The Canadian Dollar closed the week sharply lower led by a weakening energy market. This was not good news for the Canadian economy which relies on crude oil and natural gas exports. Investors are already pricing in an interest rate cut by the Bank of Canada at its next meeting on January 20. Reports this past week indicated that the economy is rapidly deteriorating. Credit markets are tightening, the trade surplus is disappearing and business confidence is falling. Look for the USD CAD to continue its strong uptrend as long as the pressure remains on crude oil. Technically, the market is nearing a major resistance zone so it may take some effort to push this market higher.
The Australian Dollar finished the week lower. Most of the pressure this week came from falling equity markets and commodity prices. The threat of another financial crisis and the weak stock market led to less demand for the higher yielding Aussie. Falling commodity prices led by lower crude oil weakened Australian exports.

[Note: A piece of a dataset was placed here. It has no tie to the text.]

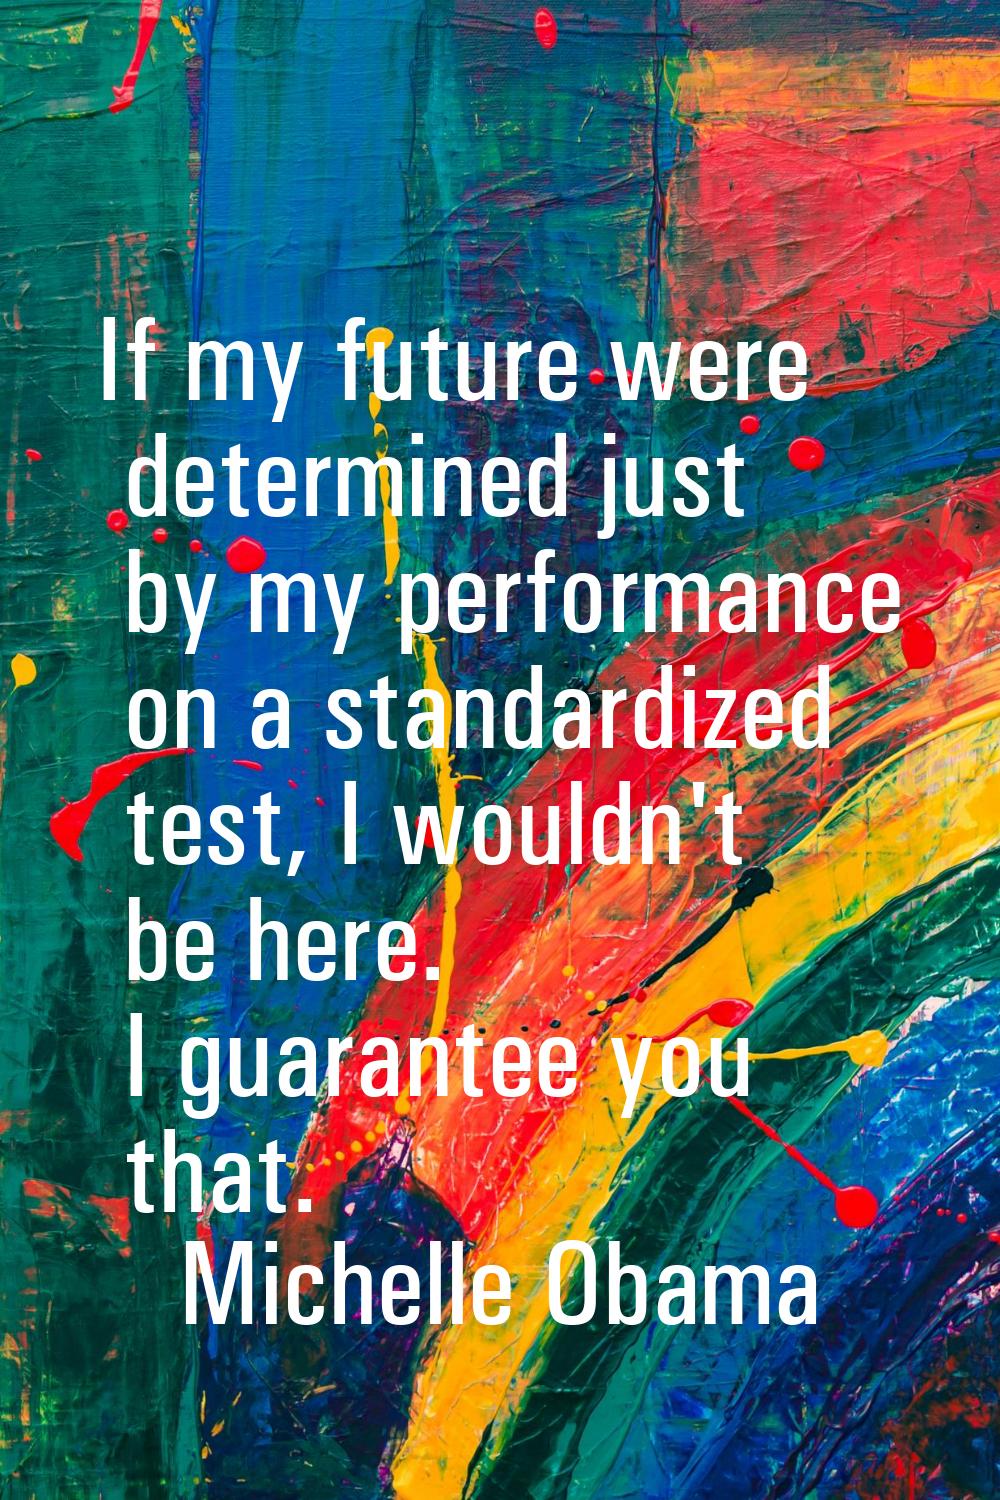 If my future were determined just by my performance on a standardized test, I wouldn't be here. I g

Late in the week some optimism returned to the markets following the release of TARP money and the bailout of Bank of America. This led to a strong short-covering rally in the AUD USD on Friday. Despite the possibility of a follow through rally early next week look for the Reserve Bank of Australia to cut interest rates at its next meeting on February 3.
The NZD USD suffered a huge loss for the week. The primary reason for the decline was the downgrading of the New Zealand debt rating by the S&P Corp. Downside pressure on the New Zealand Dollar was also led by weakening commodity prices. Lower raw material prices are weakening exports and hurting the economy. All of the bearish news piling up is likely to force the Reserve Bank of New Zealand to cut interest rates by as much as 100 basis points on January 29.